Above: Nypa fruticans, the Mangrove Palm, growing
in a swamp on the island of Pohnpei. Note the fruiting head, the
size ofa football, covered by up to 40 large seeds.
Below: The Sago Palm Metroxylon salomonense on Chuuk Island. This
one is in ripe fruit, each covered in scales like snake skin.
Geography & History
In March 1993 my wife and I made a trip to the Caroline
Islands. These islands lie in the north-west Pacific and belong
geographically to Micronesia. They are between the Philippines,
the Marianes and Guam, and the Marshall Islands to the west of Hawaii.
Most of the Caroline Islands were occupied in World
War II by the Japanese in 1941 and reoccupied by the U.S. two or
three years later. These years had a strong influence on the way
of life of the islands. Even now one can see a lot of tanks, heavy
guns etc. rusting memories of that cruel time.
At the end the war the islands were declared areas
of trust' by the United Nations under the administration of the
United States. Between 1979 and 1983 there have been some efforts
made by the islanders to become independent.
Now there are five "Mini-States" within
the Caroline Islands: Belau or Palau, Yap, Chuuk or Truk, Pohnpei
or Ponape, and Kosrae. The last four comprise the 'Federated States
of Micronesia' (FSM).
The islands have a year-round average temperature
of about 27 degrees Celsius and there is much rain. So it is an
absolutely tropical climate and there are many palms, which was
one of the reasons to go there. Another reason was that Palau and
Chuuk have some of the best and most interesting diving in the world.
It is not so easy to get to the Carolines and we
had to fly via Singapore, Taipei in Taiwan and the U.S. island of
Guam, to Chuuk.
Of course we stayed some days in Singapore where
we visited the Botanic Garden. The Botanic Garden of Singapore can
be recommended to every palm enthusiast as one of most beautiful
gardens in the world showing a great variety of palms from all parts
of the globe.
When we arrived in Chuuk, the whole island was very
wet because of 36 hours non-stop rain.
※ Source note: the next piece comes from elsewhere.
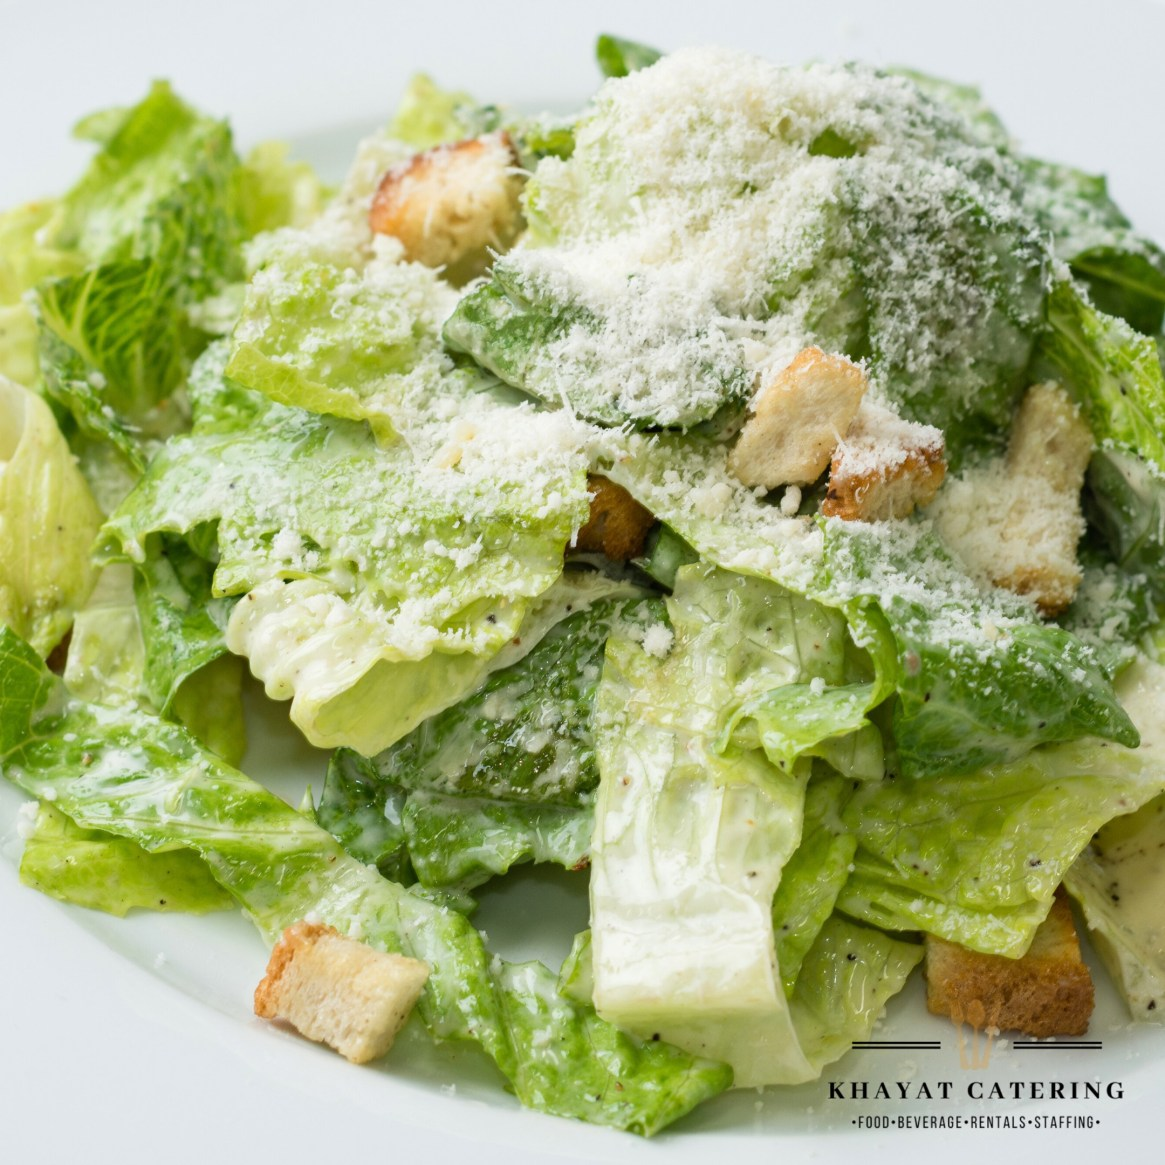 Khayat Catering caesar salad
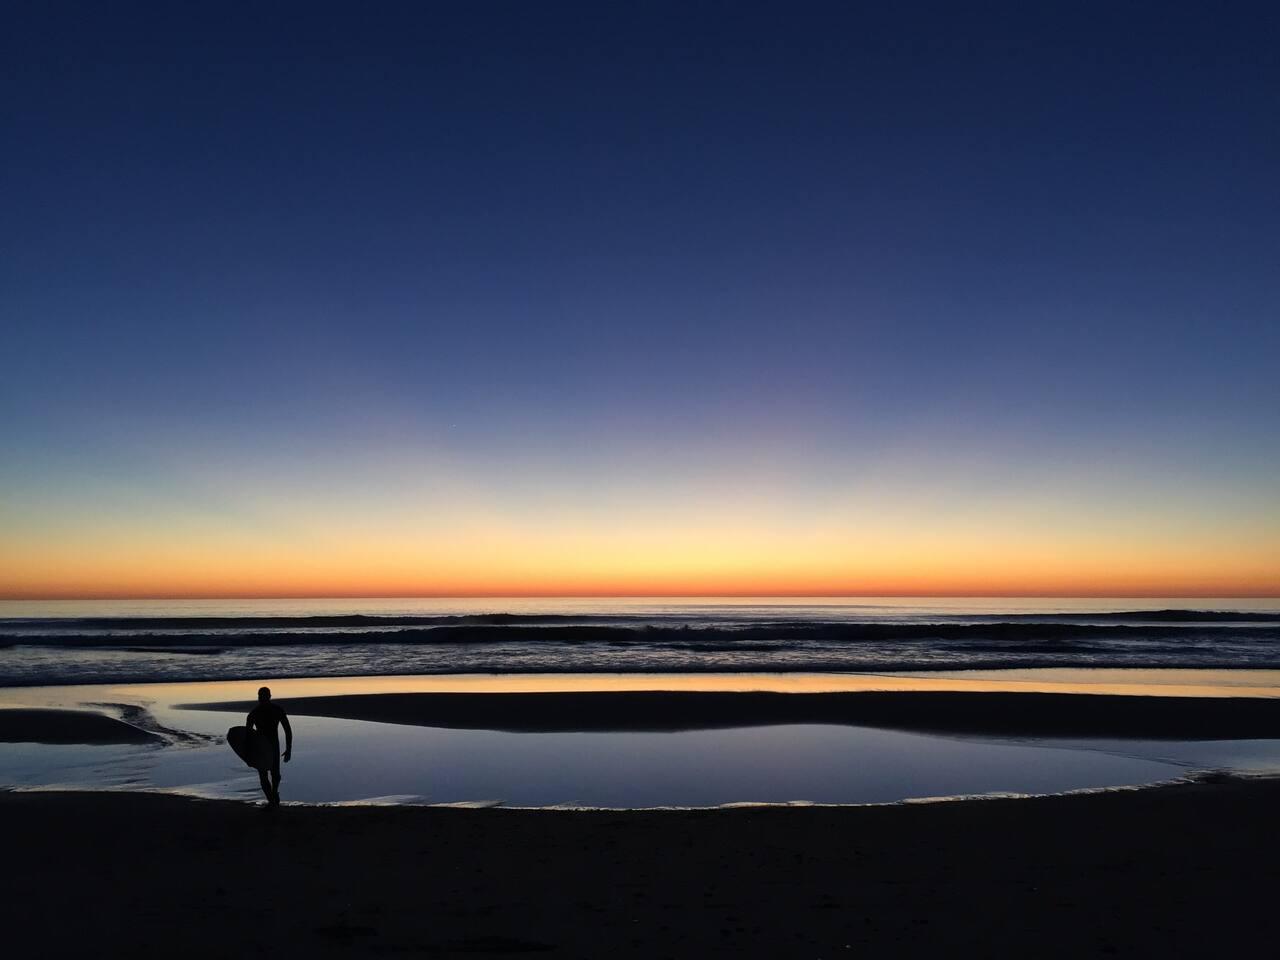 La Selva Beach surfing into the evening

Thousands of frogs were jumping
on the muddy streets. And we saw many of one wonderful species of
palm growing on the wet banks of the lagoon and rivers.
They had big pinnate leaves and many also carried
1-2 m long fruitstalks with about 20 to 50 fruits. The fruits were
the size of a tennis ball and their surface was scaly like a snakeskin.
The seed inside was dark brown to black, hard, and kidney-shaped.
Inside the seed there was white fruit flesh like that of the coconut.
The identity of the palm was revealed as the Sago Palm - Metroxylon
salomonense (it can be also found on the Solomon Islands in Melanesia).
It was very difficult to collect seeds but with
the friendly help of some Chuukese we were able to get about 15.
One reason for not collecting more was the enormous weight of the
fruits. Unfortunately none of them has germinated so far.
After some days of walking and diving we had seen
the whole main island of Chuuk and so we flew to the next island.
Pohnpei has an even more tropical climate with even
more rain. (A Pohnpeian was asked when the last dry period was on
Pohnpei. He answered that he could remember exactly that it was
a Tuesday three years ago!). It is often called the "Garden
Island of Micronesia". The reason for this large amount of
rain is Pohnpei's high volcanic mountains.
The vegetation on the island is fresh green and
Pohnpei lagoon is surrounded by mangroves. At some places there
are many Mangrove Palms - Nypa fruticans and I had the opportunity
collecting one of the fruits after wading through a deep swamp.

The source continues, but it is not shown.